During wake periods, there are irregularities in the respiratory frequency and large changes in MJM amplitude are observed (Figure 3). When an individual is asleep, the MJM amplitude is a function of the respiratory drive amplitude rather than the upper airway resistance. The MJM amplitude decreases during central events and increases during obstructive episodes, regardless of the degree of upper airway resistance (Figure 3 and Figure 4). The airflow amplitude decreases during central events as a function of the residual respiratory drive, while it decreases during classic obstructive sleep apnea or increases during the hyperventilation phase of a period of Cheyne-Stokes breathing as a function of the degree of upper airway resistance, although the muscular respiratory drive highlighted by MJM augments (Figure 5 and Figure 6).

Figure 4. Differentiating mandibular jaw movements (MJM) between obstructive and central sleep-disturbed breathing.

Figure 4

Left segment (1 minute): The MJM amplitude (MJM Gyr) increases during a period of intraevent negative effort dependence, which indicates a decrease in flow signal during the second part of inspiration, followed by a peak in termination (see the vertical blue). This signal association clearly demonstrates how much the respiratory effort, as shown by MJM, increases while the intraluminal pressure decreases and suctions the pharyngeal walls. The more negative the accelerometric signal, the wider the mouth opens until an arousal occurs, closing the mouth with a mandibular jaw prominent displacement and peaking the flow (see the dotted line and the horizontal arrow respectively). It is noteworthy that during this period of increased effort, the respiratory inductance plethysmography bands remain in phase.

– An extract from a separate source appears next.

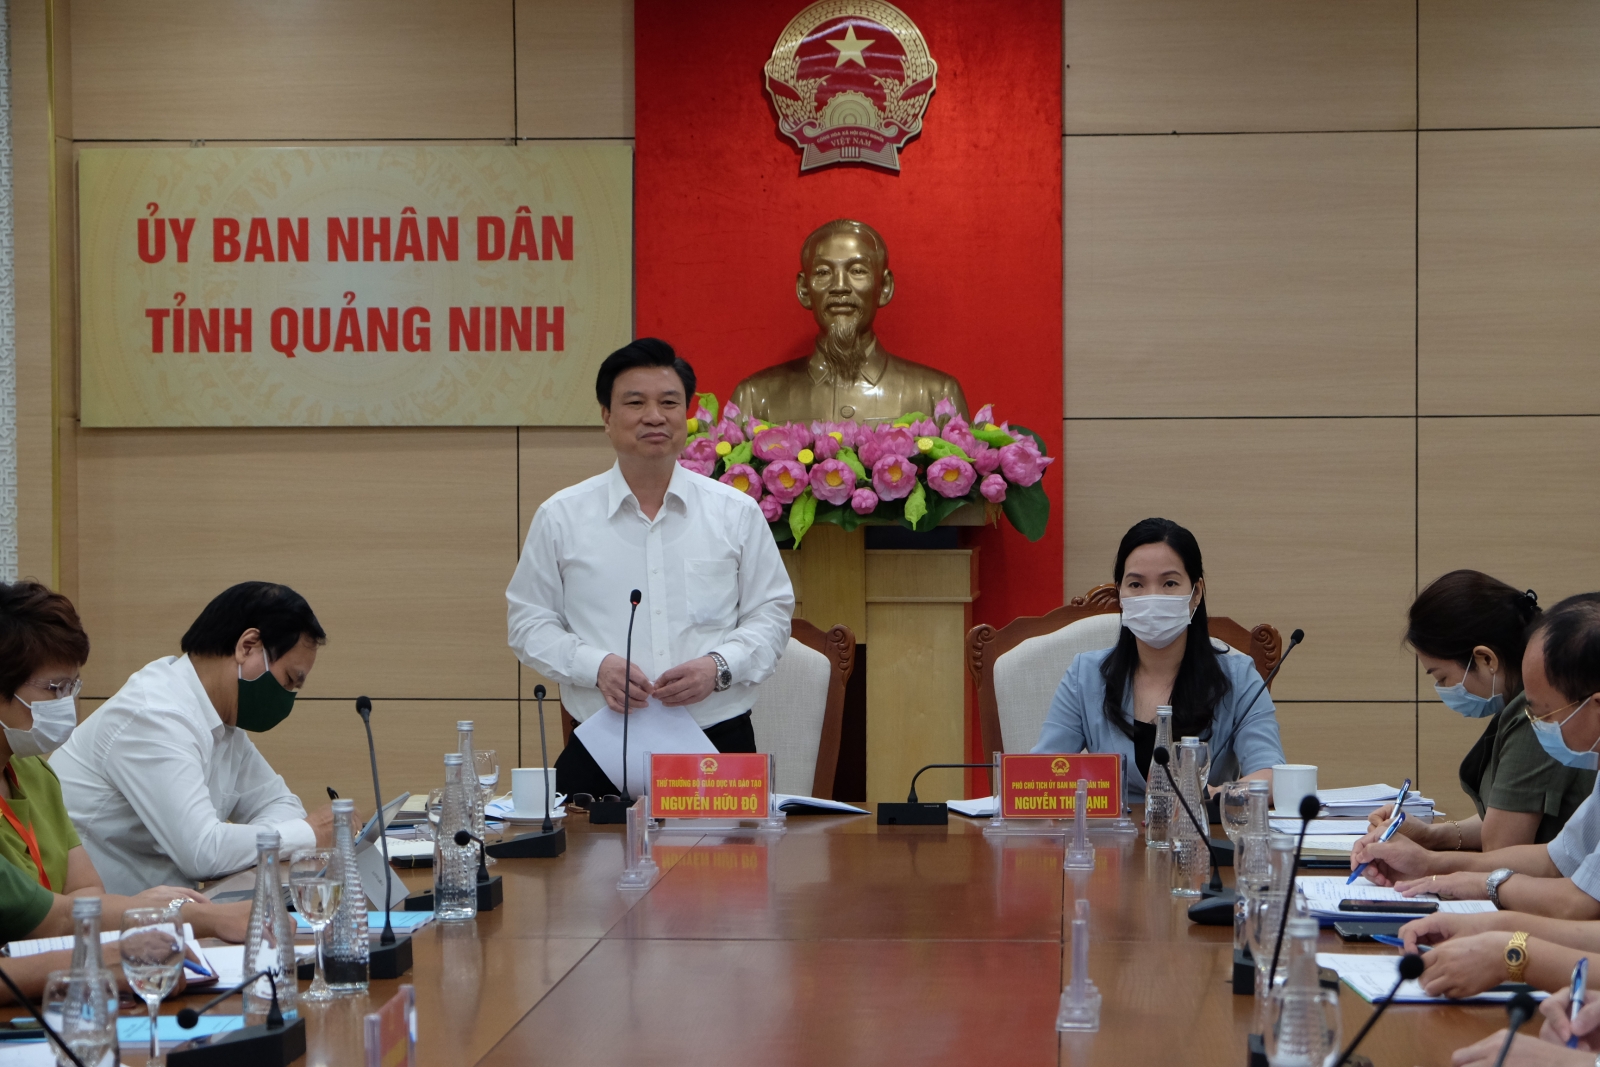 Thứ trưởng Nguyễn Hữu Độ: Đảm bảo mục tiêu kép an toàn, nghiêm túc cho Kỳ thi tốt nghiệp THPT - Ảnh minh hoạ 2

Right segment (2 minutes, 20 seconds): Central apneas are characterized by a pronounced decrease in MJM amplitude. By contrast, arousals are well depicted by the MJMAcc channel. The remaining small and irregular displacements can be attributed to the signal-to-noise ratio (see red arrows).

Signals from the top to the bottom: pulsed oxygen saturation (SpO2), thoracic and abdominal respiratory inductance plethysmography (RIP Thx, RIP Abd), nasal airflow pressure (FlowPr), oronasal thermal flow (FlowTh), snore, mandibular jaw movements captured by the gyroscope (MJM Gyr) and the accelerometer (MJM Acc), electroencephalography derivation C4A1. Vertical green bars indicate an arousal. Indications about sleep/wake state or sleep stage is reported as well as the hour and the duration of the polysomnography fragment.

Figure 5. Mandibular jaw movements (MJM) during a period of Cheyne-Stokes periodic breathing.

Figure 5

This fragment illustrates a typical period of Cheyne-Stokes breathing, as evidenced by the MJM signal and the intermixed central apnea and hypopnea (see A and H vertical arrows, respectively). The change in the trigeminal muscular drive amplitude is well reflected in corresponding changes in airflow and ventilation. A cortical arousal is indicated during the hyperventilation period and is accompanied by a change in the MJM morphology (see the horizontal arrow).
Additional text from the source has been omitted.